Returning to the main point: why is it so important that GPT doesn't understand math, or rather, why is it so important if an AI can do math? (I know many will challenge this—hasn't GPT passed many exams? Let me use an analogy: if we encounter a problem we don't know how to solve in our homework, search for it online, and get the right answer, do we really 'know' it? GPT might get it right, but it still doesn't 'know' it—and more importantly, it doesn't know that it doesn't know. More on that later.)

Because if an AI can truly do math, even simple math, that is the most critical 0-to-1 leap. It could be called the transition from ordinary AI to AGI (Artificial General Intelligence—the omnipotent existence many of us imagine).

This is why the leaks about OpenAI's 'Q* (Q-Star)' on social media yesterday were so shocking. (Based on current information, Q* is likely a combination of Q-Learning and A* Search. Q-Learning is used in the Reinforcement Learning from Human Feedback (RLHF) we know, which is the key part that makes GPT sound human; its essence is solving for the optimal value of a Q-function. To use a loose analogy, a Q-function is like giving us a 'cheat' that ensures every choice we make is as correct as possible—much like DeepMind's AlphaGo.)

Q* is believed to be able to solve simple math problems (not by using preset formulas or external tools). This represents the 0-to-1 leap toward AGI in most people's eyes. We can imagine that once the scale is expanded, it will have no rivals in the rational world.

So, AI doing math is important, but GPT itself couldn't do it. Therefore, we could still maintain our pride—or so I thought until I woke up today.

However, that thought completely collapsed when I was inspired to upload an image to GPT-4.

We know GPT-4 has multimodal capabilities—it can process images and files. I've used it for many things: calling tools, writing programs to solve problems. None of that exceeded my imagination. Until the "1+1=2" answer appeared.

My final shred of pride vanished.

I wasn't convinced, so I tried again.

It certainly wasn't using Q*, but with the support of multimodal capabilities, it got it exactly right. That's not the scary part—that could even be luck. But as I said before: the truly terrifying part is that it knows it doesn't know, and it knows that writing a piece of code can yield an accurate answer.

It knows its own limitations, but it can correctly leverage external forces.

I tried that familiar question again:

But when I saw it display that familiar "Analyzing" status without hesitation, I knew the last hope was gone.

The result was, unsurprisingly, correct.

Even the code was available for inspection.

This means: 1. When it admits it doesn't know, the "hallucination" problem, while not gone, is restricted to a tiny probability; 2. When it can understand a problem through multimodality, it means it can start to understand our human world; 3. When it can call tools or write code to complete tasks, it means all the human accumulation over history is now at its disposal; 4. Currently, it is safe because it's within a controllable range.
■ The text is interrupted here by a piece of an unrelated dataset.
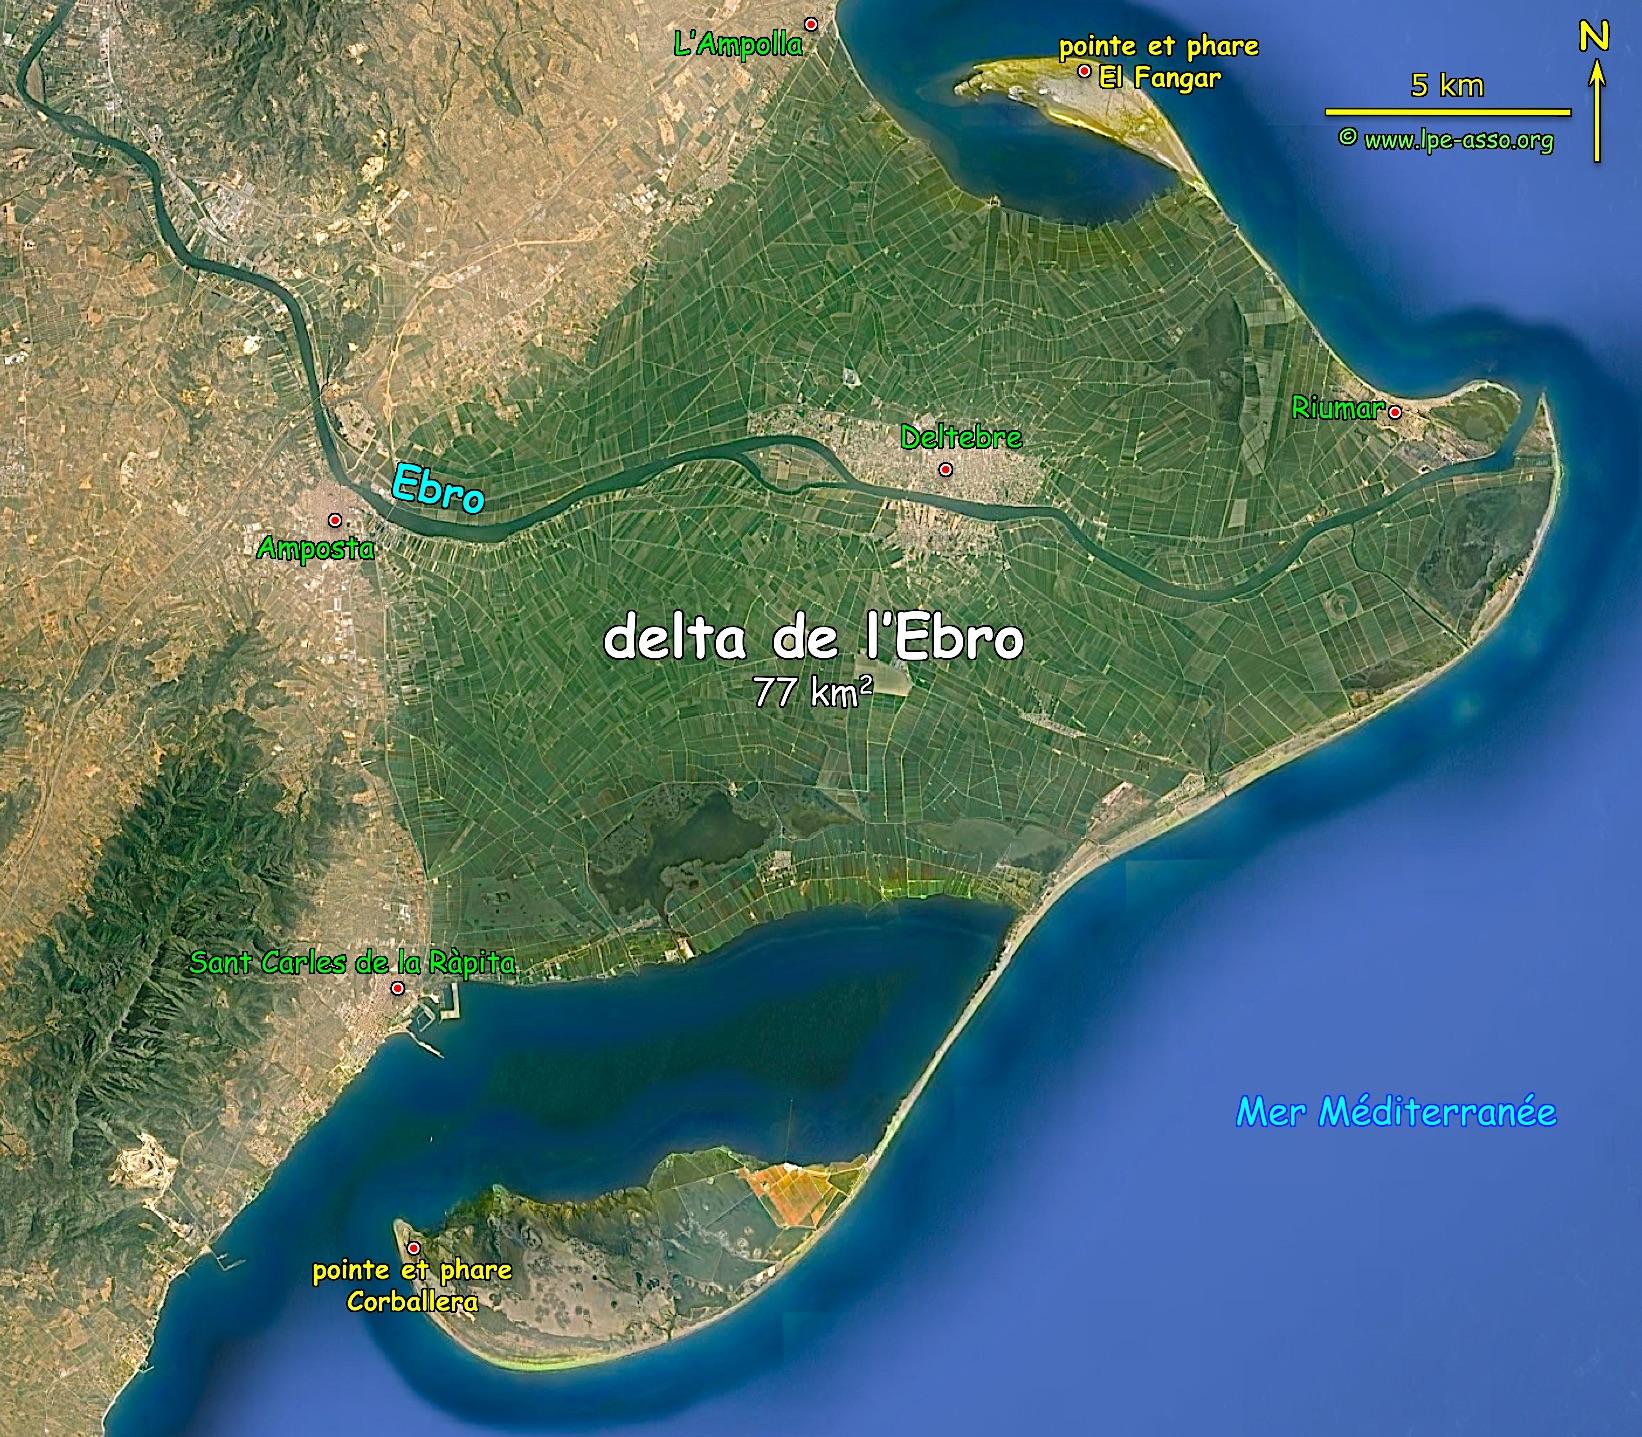 Carte Espagne Delta De Lebre.Rio Ebro Ligne De Partage

But what about the future? This is too complex a question, but my answer is: the more open it is and the more people understand it, the safer it will be—far better than having it held by a few.

So, even without Q*, it has already solved simple math this way. What happens once Q* is integrated? This was the first major blow to me today.

The second blow was realizing that while I was enthusiastically showing off what it could do, I hadn't even noticed such a fundamental issue.

In its presence, even my imagination feels increasingly pale and weak.

Before writing this text, I had another title in mind: "This is the most desperate day in my fifteen years in the industry."

Lately, I've been reflecting a lot, much like the quote from Andrej Karpathy I posted on my WeChat moments regarding whether AI should be centralized or decentralized.

And what I'm thinking is: where has my once-proud imagination gone?

Yes, this is the most desperate day.